"A Silent Guardian, A Watchful Protector"
I'm a believer in miracles. I'm filled with boundless hope.
That's why I'm writing you now; not just writing but begging, pleading for what must be done, surrendering all of myself to what must be done, for Stockton to survive its darkest night.
Is Stockton lost?
Sometimes it feels like it but worse, sometimes it feels like it was never found.
Right now, in this supposedly civilized age of technology and advanced democratic ideals, the world itself seems like its falling. In my city, the atmosphere is putrescent with corruption and horror as cuts to education leave our children ignorant, cuts to company's work forces leave grown men and women homeless, and cuts to the police force leave all of us unprotected and living in fear.
Sixty-five human beings have died this year. And dozens have gone missing under suspicious circumstances.
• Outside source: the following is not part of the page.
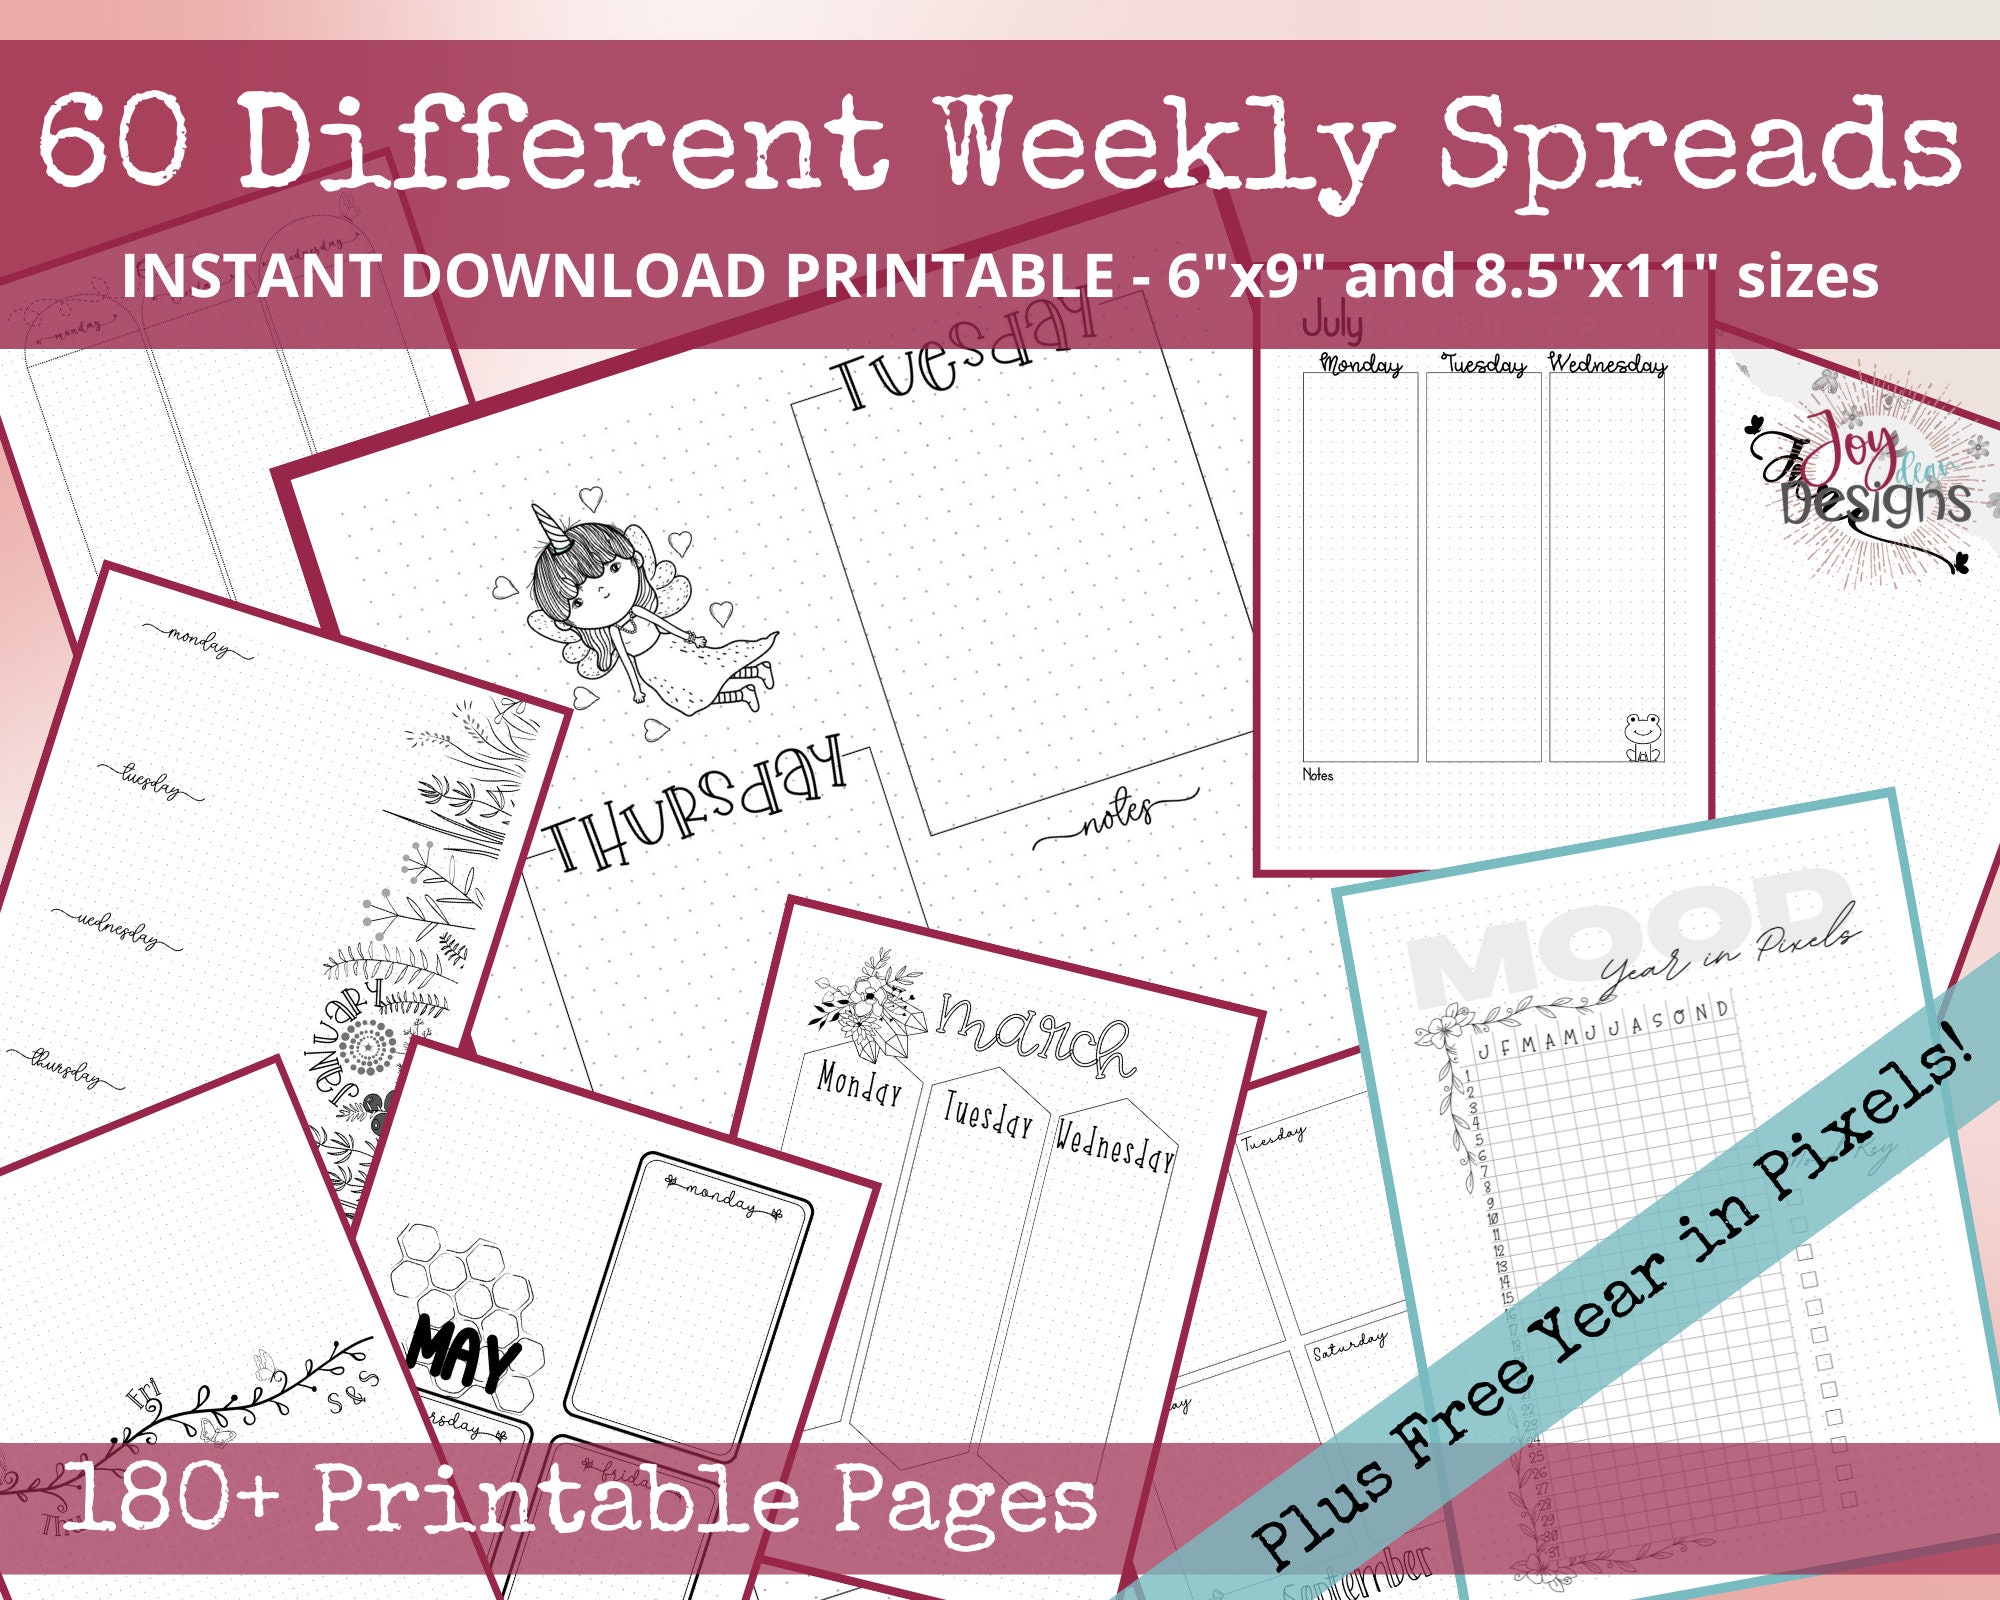 PreMade Bullet Journal Planner Pages, Instant Download Printable Planner, Weekly Bujo Inserts Template PDF 2 Sizes
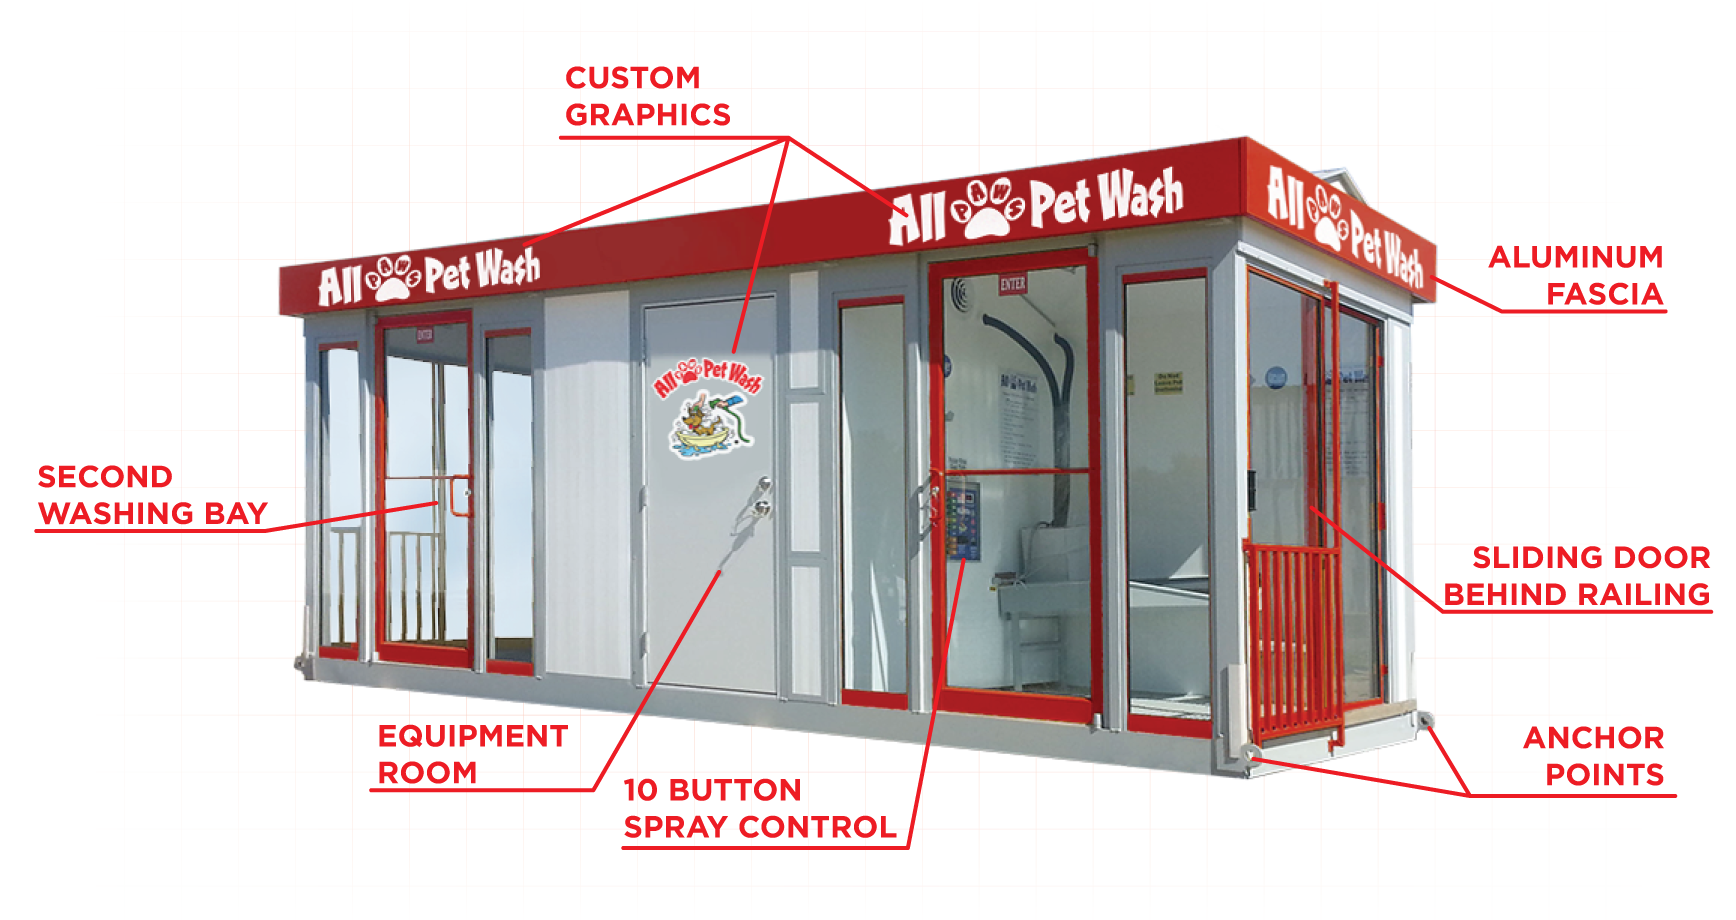 a drawing of an all pet wash shows its features

And they aren't just known criminals and gangsters but women and children; ambushed, surrounded, shot, done away with. But it's not just the murders, the robberies, the attempted drive-bys, the prostitution, the trafficking, the rapes, the molestations in church and school, the drug abuse, the overdoses, the hit-and-runs, the arsons, the starvation, the homelessness, or even the petty pick-pockets but the air.
The air, meaning the rage and immorality that has infected our city, turning not only the night but the day into a ragged, festering desperate crusader of malevolence and depravity. But not just the air has this feeling seeped into but apparently into the water we drink, the cotton we wear, and the portable heart attacks we consume.
But with all the horror I alluded to, it begs the question: is the city worth saving? The answer feels simple but is argued evasively so as to discourage the masses but encourage the individual. The answer, is first and foremost, one of not whether the people in the city are worth anything, deserve anything. It is one of needs; does the heart need blood, the lungs oxygen, or life, the dawn?
There are children here, children that will grow up thinking this world is ugly and unforgiving, thinking its existence is pointless. These children will not strive to save it when its teetering towards absolute destruction. They will watch not with despair or terror but with relief. Relief that a world so sickened by man and man so sickened by its world sinks into universal oblivion.
So with one final plea, change our destinies, save us from ourselves. We are not holy people, this is not a worthy city, we simply are what our world has made of us. Do not take us as we are, take us as we can be because humankind in this moment is at a crossroads between the devil and the stars. Make us more than what we are, do not just show us the light, give us the dawn.